This talk focuses on how to use statistical machine learning techniques and big data to solve problems in finance and economics. It begins with an overview on the genesis of machine learning and AI and how statistical and computational methods have evolved with growing dimensionality and sample sizes and become the foundation of modern machine learning and AI. It introduces simple yet power techniques to deal with heavy tailness and dependence that stylize financial data. We showcase the applications in high frequency trading and sentiment learning from Chinese financial textual data.
We present the predictability in ultra high-frequency finance, with focus on returns and durations. Based on 101 stocks in the S\&P 100 index over 505 days, we quantified and documented the predictability and confirmed that it exists universally.
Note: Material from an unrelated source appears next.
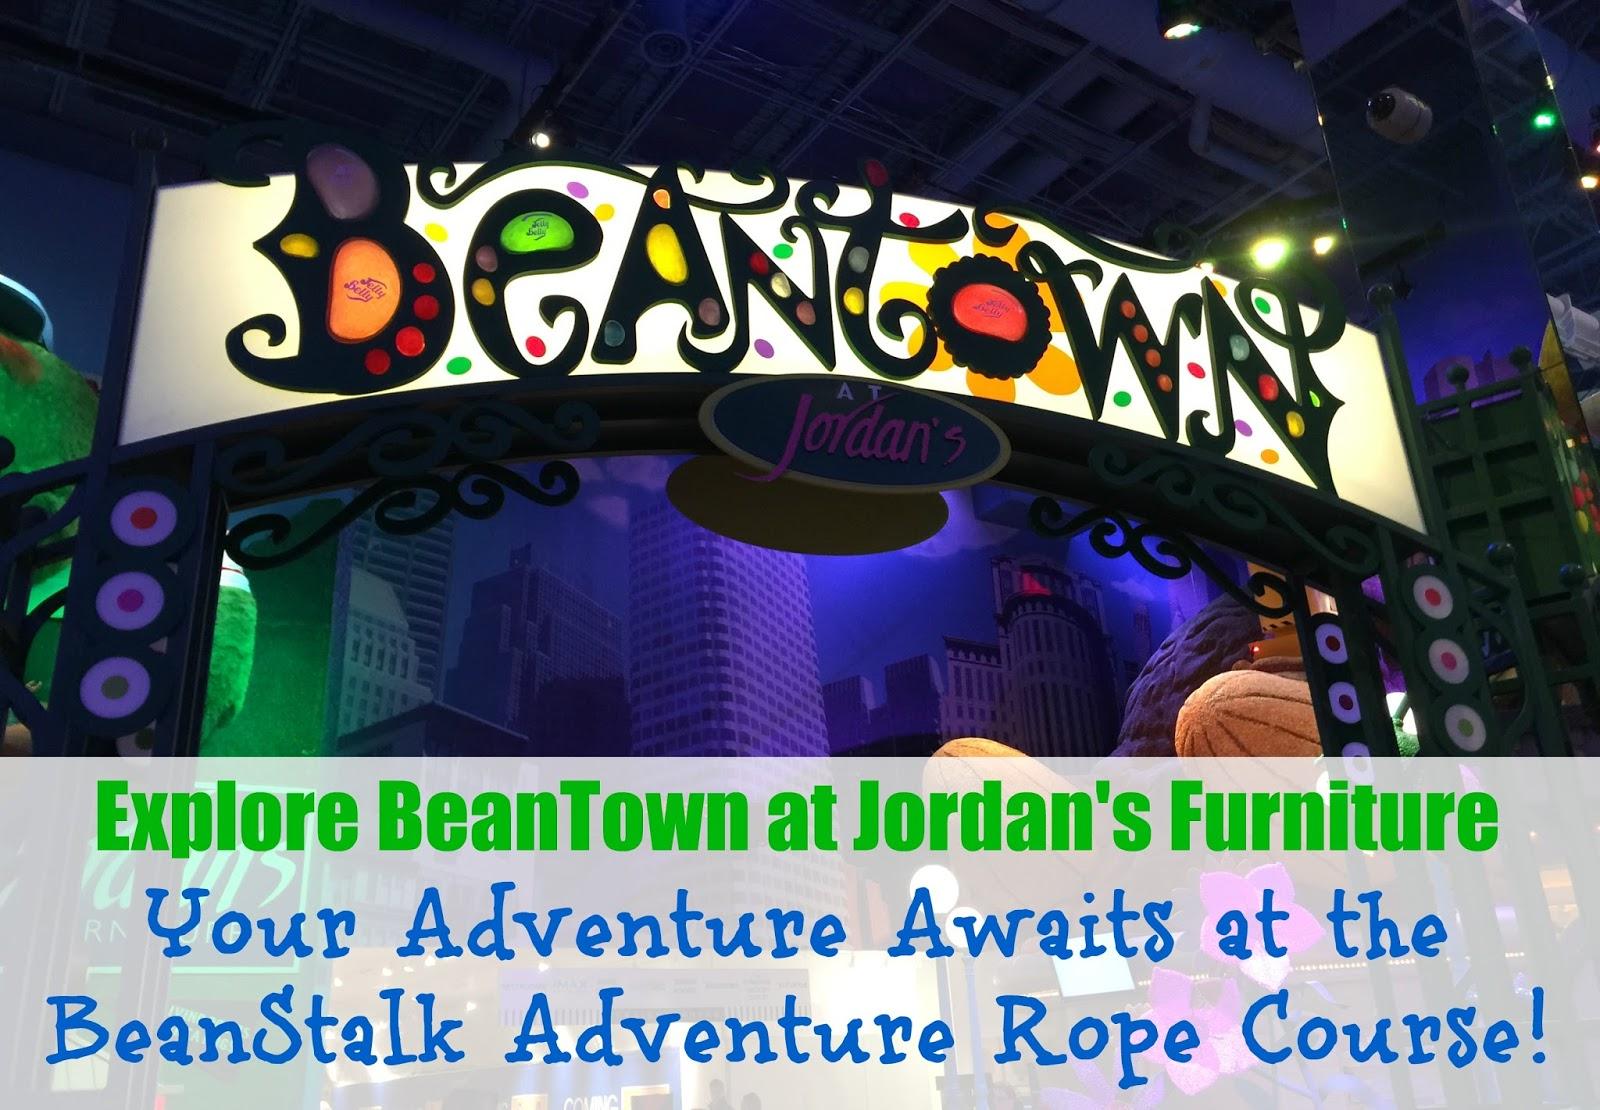 BeanTown at Jordan39s Furniture in Reading Featuring the BeanStalk

We unveil important predictors and showed how the predictability depends on the market environments and stock characteristics and the timeliness of data.
For Chinese text analysis, we introduce FarmPredict to let machines learn financial returns directly. Based on approximately 2 million pieces of news, we show that positive sentiments scored by our FarmPredict approach generate on average 83 bps daily excess returns, while negative news has an adverse impact of 26 bps on the days of news announcements. This asymmetric effect aligns well with the short-sale constraints in the Chinese equity market. This lends further support that our FarmPredict can learn the sentiments embedded in financial news.